Method 1: Simple URL Course Creation

  1. Navigate to "Courses" page
  2. Click "Create New Course" or "+"
  3. Enter documentation URL (e.g., https://docs.python.org)
  4. Click "Create Course"
  5. AI will automatically:
    • Crawl all pages
    • Extract topics and structure
    • Generate personalized articles
    • Build knowledge graph
    • Create learning path

Method 2: Advanced Course Creation (Selective)

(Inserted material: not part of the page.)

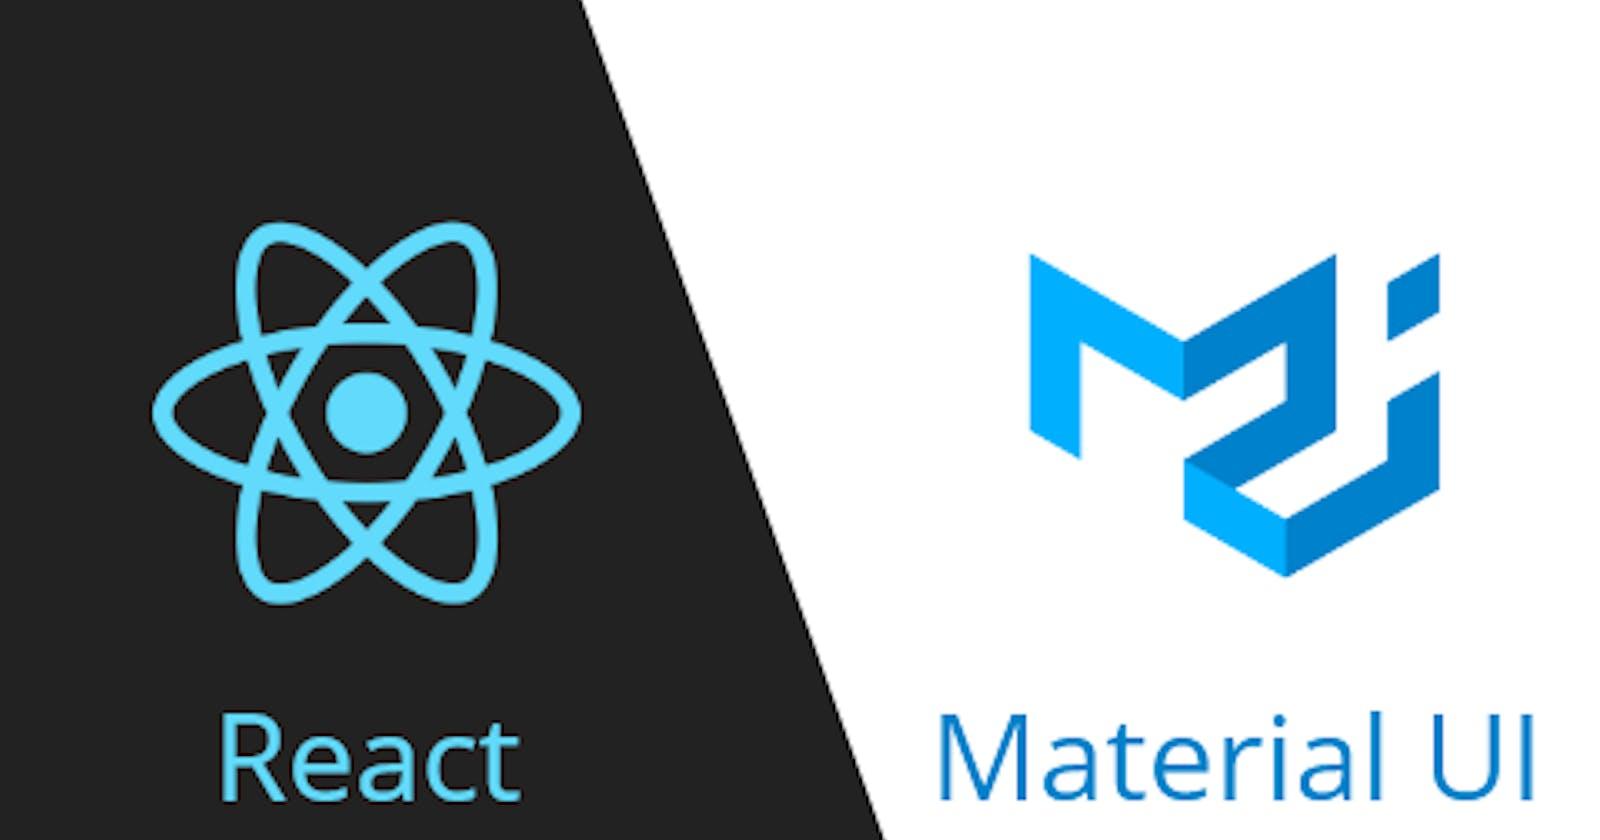 A Crash Course in Material-UI

  1. Click "Create Advanced Course"
  2. Enter documentation URL
  3. View AI-recommended pages based on your profile
  4. Select/deselect pages you want to include
  5. Click "Create Course with Selected Pages"
  6. AI processes only selected content

Method 3: Google Drive Import

  1. Click "Google Drive" integration
  2. Connect your Google Drive account (OAuth)
  3. Browse your Drive files
  4. Select documents to import
  5. Create course from selected documents

Learning Experience

  1. Browse Courses: View all your created courses with progress indicators
  2. Start Learning: Click on a course to begin
  3. Navigate Articles:
    • Read bite-sized 160-word articles
    • Swipe or use navigation buttons
    • Mark articles as complete
  4. Take Quizzes: Test your knowledge with auto-generated questions
  5. Explore Knowledge Graph:
    • Click graph icon to view topic relationships
    • Navigate by clicking nodes
    • See prerequisites and related topics
    • Fullscreen mode for detailed exploration
  6. Track Progress: View analytics dashboard with:
    • Completion percentage
    • Learning streaks
    • Quiz performance
    • Time spent learning
    • Preferred topics

Managing Content

  • Edit Course: Update course name, description, or metadata
  • Delete Course: Remove courses you no longer need
  • Sync Google Drive: Manually trigger sync for updated documents
  • Edit Profile: Update your learning preferences anytime

Setup

Prerequisites

  • Node.js: Version 20 or higher
  • npm or yarn: Package manager
  • Neo4j Database: AuraDB (cloud) or local instance
  • API Keys: Gemini, Firecrawl, Supermemory (see below)

Installation

  1. Clone the Repository

    git clone <repository-url>
    cd docuer
  2. Install Dependencies

    npm install
    # or
    yarn install
  3. Configure Environment Variables

    Copy the example environment file:

    cp .env.example .env

    Fill in your API keys and credentials in .env:

    # Firecrawl API for web scraping
    FIRECRAWL_API_KEY=your_firecrawl_api_key_here
    
    # Cohere API for topic extraction (optional fallback)
    COHERE_API_KEY=your_cohere_api_key_here
    
    # Google Gemini API for content generation
    GEMINI_API_KEY=your_gemini_api_key_here
    
    # Neo4j Database for knowledge graph
    NEO4J_URI=neo4j+s://your-instance.neo4j.io
    NEO4J_USERNAME=neo4j
    NEO4J_PASSWORD=your_neo4j_password_here
    
    # Supermemory API for user behavior tracking
    SUPERMEMORY_API_KEY=your_supermemory_api_key_here
    SUPERMEMORY_BASE_URL=https://api.supermemory.ai
  4. Set Up Neo4j Database

    Option A: Neo4j AuraDB (Recommended for Production)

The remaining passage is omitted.